После некоторого размышления, взвесив все за и против, решил он опубликовать свое открытие в «Прогрессе», и не потому только, что в нем сотрудничала Керри. Мунн знал трезвое направление этой газеты и не сомневался, что его научное сообщение не будет там превращено в сенсацию, обычную для подавляющего большинства органов многотиражной печати его страны.

Директор обсерватории, которому он доложил и о результатах вычислений, и о решении дать в «Прогрессе» первую публикацию о своем открытии, не возражал против этого.

7. «О времена, о нравы!»

Приход Генри Марчмонта хотя и не был неожиданностью для Писфула, однако чем-то встревожил его. Чем именно, профессор и сам не смог бы на это ответить. В последнее время он вообще стал слишком мнительным и нервным. Все теперь настораживало и тревожило его. Он плохо спал ночами, просыпался в холодном поту, с беспокойно стучащим сердцем…

Надо бы послушаться врачей, бросить все к черту, особенно эту неприятную работу для военного ведомства, и поехать на юг, в тихий, уютный санаторий на берегу океана. Но — где там! Разве его выпустит из своих лап генерал Хазард, пока он не завершит испытания портативной коротковолновой радиостанции дальнего действия? Неприятнее же всего было для Писфула то, что станция эта предназначалась, судя по всему, для оснащения тайной агентуры.

— Здравствуйте, дорогой мистер Писфул! — радостно проговорил Генри Марчмонт, протягивая руку профессору. — Простите, что без предупреждения, но у меня к вам серьезное дело.

— Серьезное? — удивленно переспросил Писфул и осмотрелся по сторонам, будто опасаясь, что их может подслушать кто-то.

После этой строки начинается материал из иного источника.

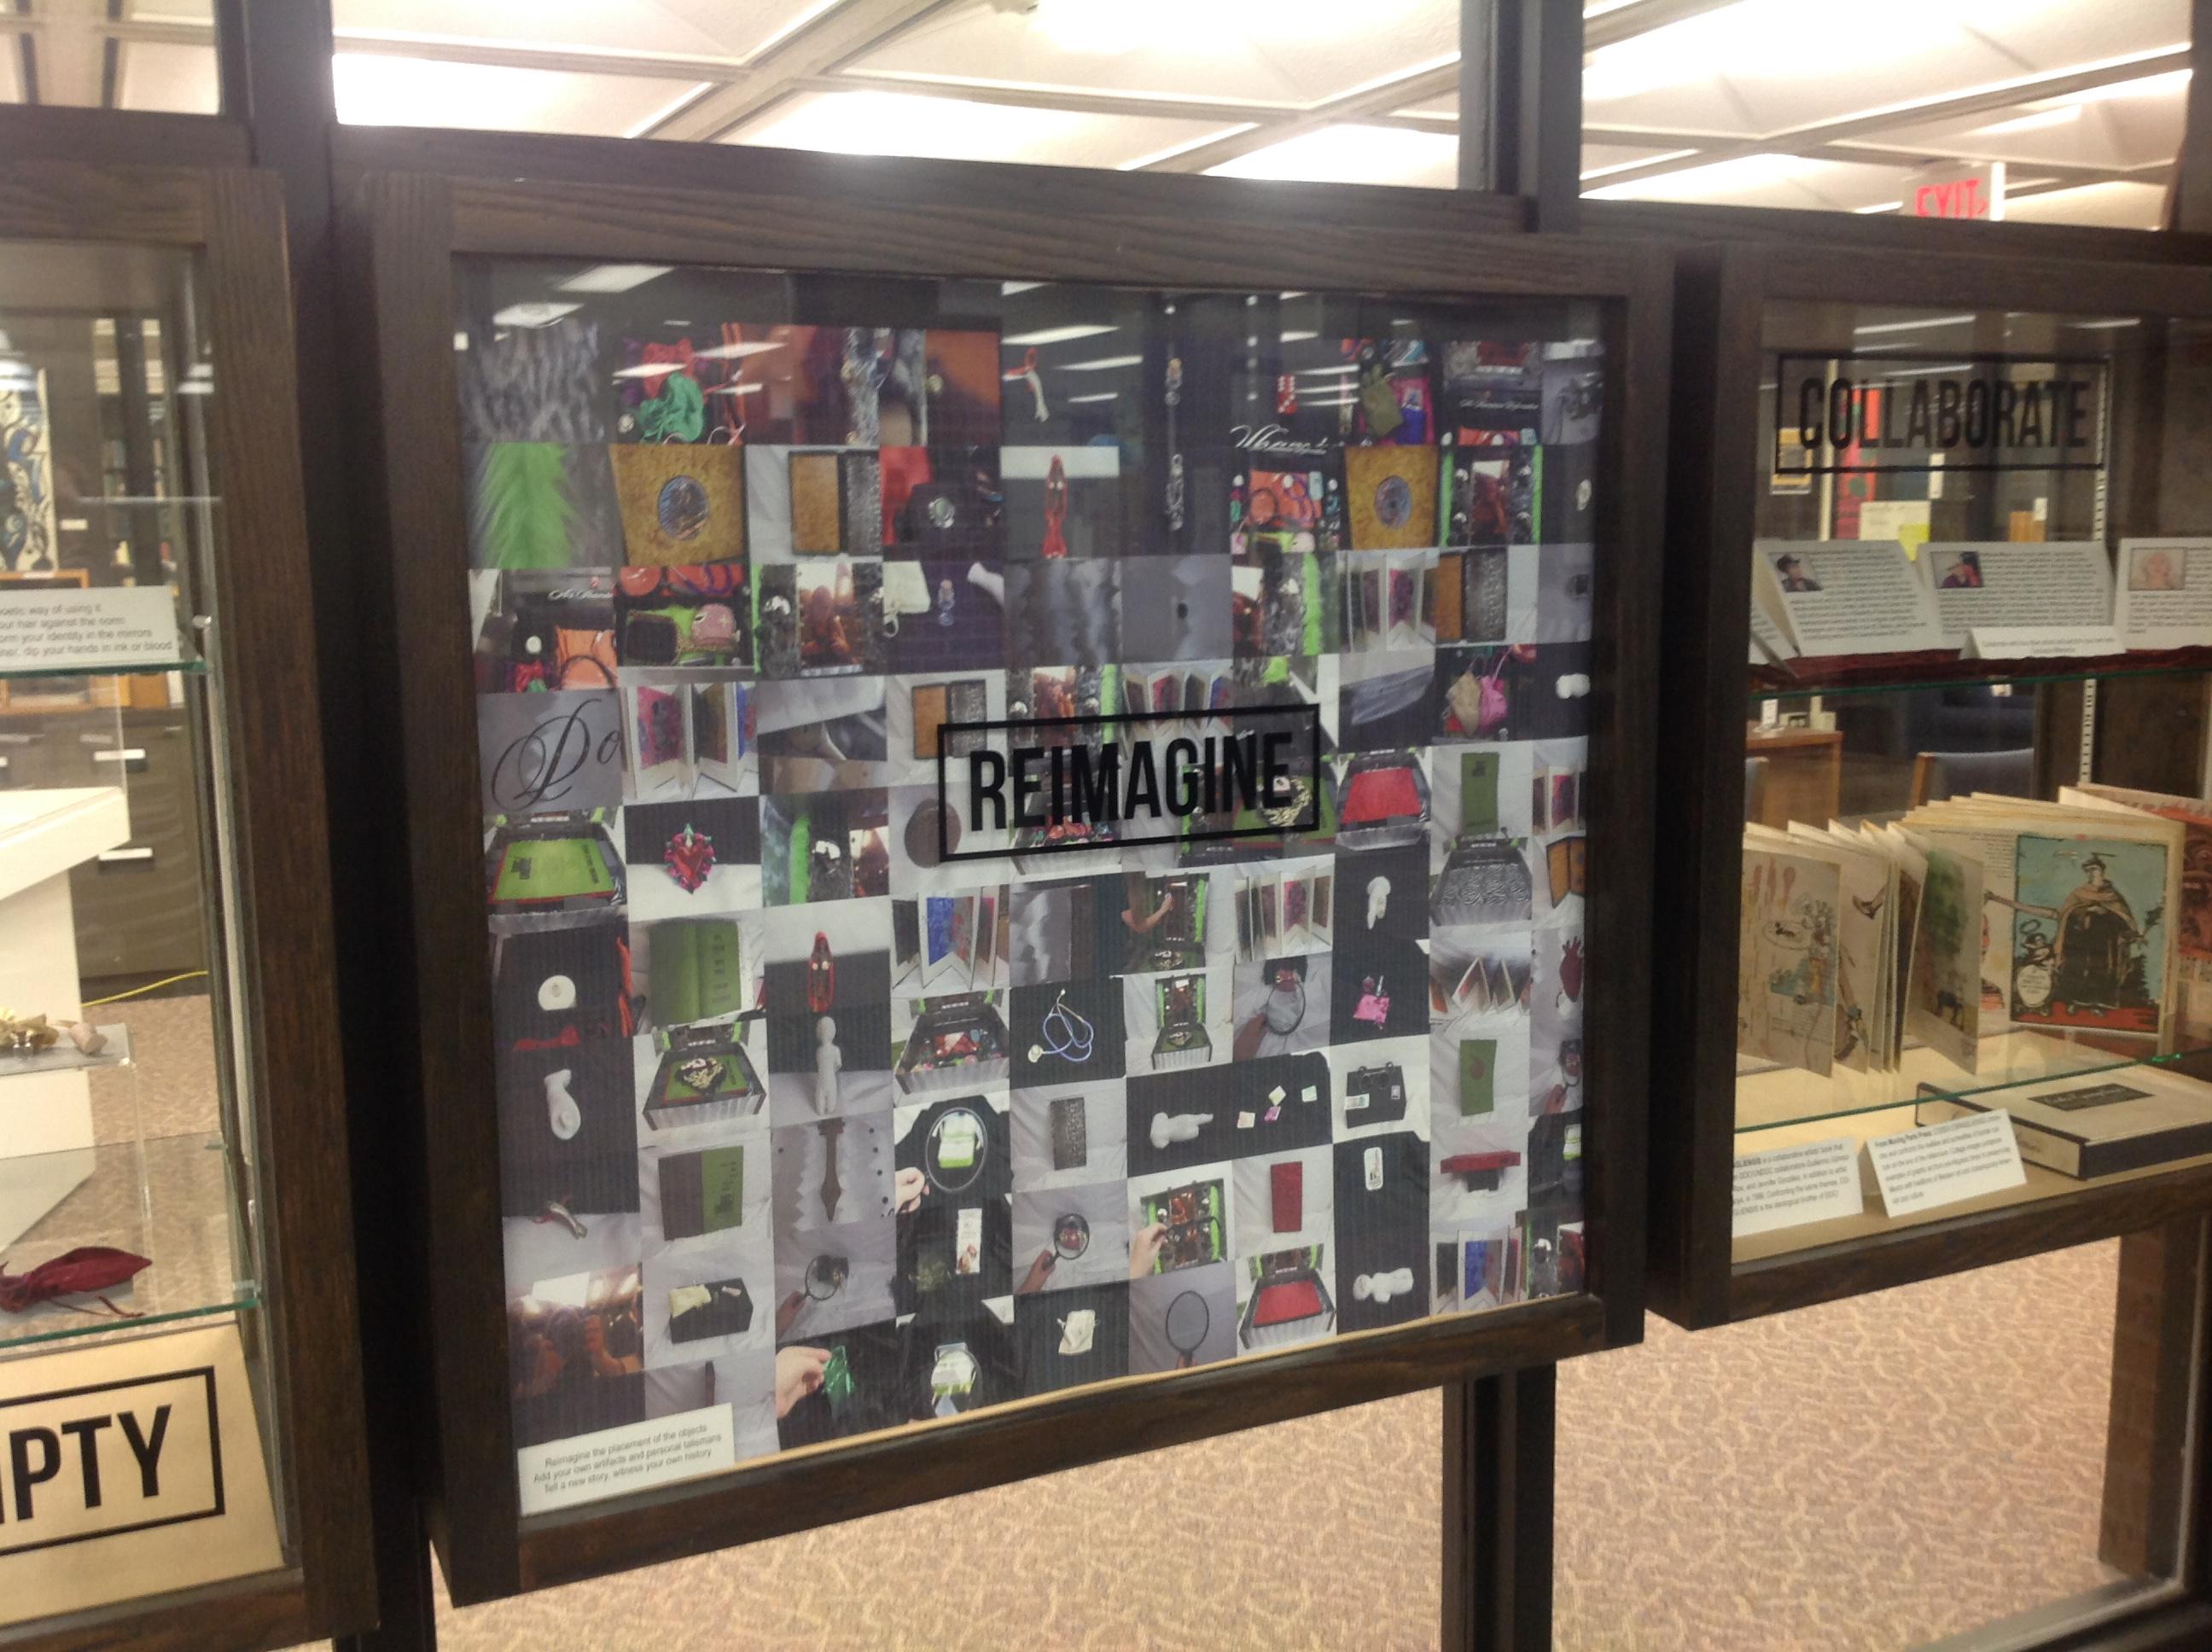 Exhibition case
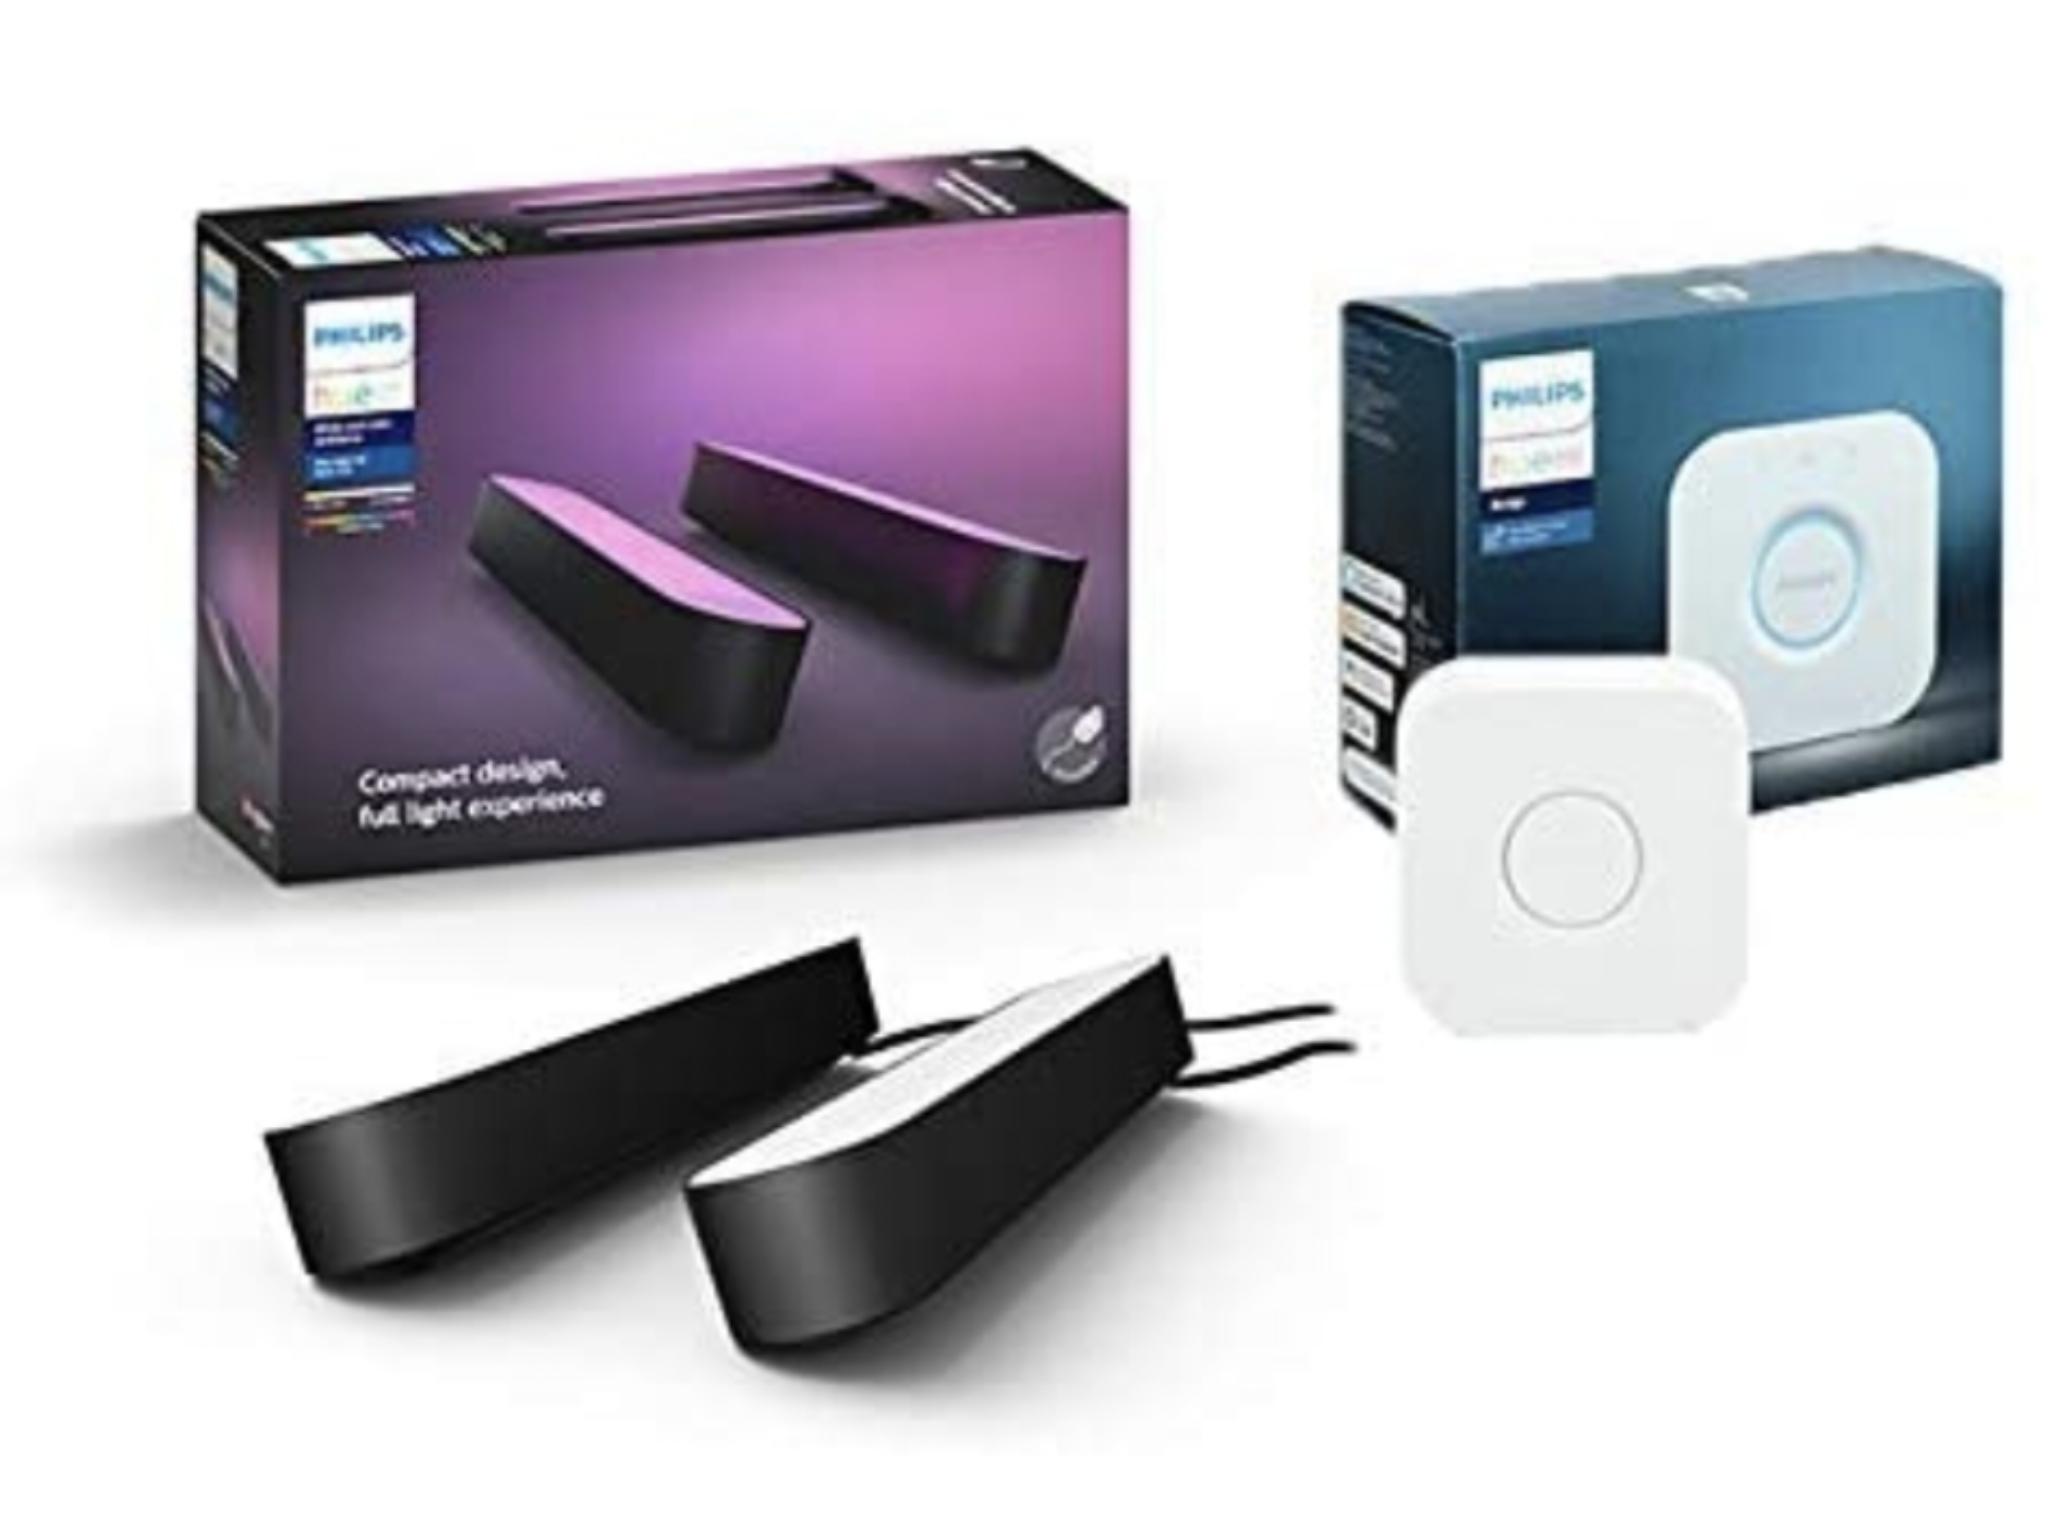 Philips Hue Smart Light Bar Double Pack with Hue Bridge - £99.99 Amazon Prime Exclusive

— Вы не один разве? — невольно перешел на шепот Марчмонт.

— Почему вы решили?.. Если не считать вас, то я тут один. Но, знаете ли… — замялся Писфул, снова оглядываясь по сторонам.

Теперь только понял его Марчмонт и невесело рассмеялся. Потом проговорил беспечным тоном:

— А я, знаете ли, хотел предложить вам прогуляться. Не возражаете?..

— О, охотно! День такой чудесный!

Спускаясь по лестнице, Марчмонт взял Писфула под руку и прошептал укоризненно:

— Слушайте, дорогой мой, что же это такое? Даже в собственном доме стали мы бояться разговаривать. Это же…

— Береженого, знаете ли, бог бережет, — усмехнулся Писфул. — Я то ведь лучше вас знаком с техникой тайной звукозаписи.

— Мы же с вами на одно и то же военное ведомство работаем. Почему же…

— Вот именно поэтому-то, — снова усмехнулся Писфул.

— Ну, хорошо! Давайте тогда погуляем по улице.

— А вы не на машине ко мне приехали?.. Ну, тогда я бы предпочел поговорить с вами в вашей машине.

— Ого, каким вы стали осторожным! Даже тайные агенты могут вам позавидовать. О тэмпора, о морэс!*[2]

В машине Писфул заговорил не раньше, чем она тронулась.

— Ну-с, я слушаю вас, коллега.

— А я уж и разговаривать боюсь, — рассмеялся Марчмонт. — Кто знает, может быть, и в моей машине установлен какой-нибудь тайный микромагнитофончик.

— Этак мы и вовсе вскоре разучимся разговаривать. Давайте все-таки рискнем.

— Но я вижу, дорогой профессор, вы так запуганы, что, пожалуй, нет смысла говорить с вами о том, с чем я пришел к вам. Надеюсь, вы догадываетесь, что я не о прогнозе погоды пришел поговорить с вами?

— Догадываюсь, — без особого энтузиазма отозвался Писфул, рассеянно поглядывая сквозь ветровое стекло на пестрый поток встречных машин. — Выкладывайте, что там у вас.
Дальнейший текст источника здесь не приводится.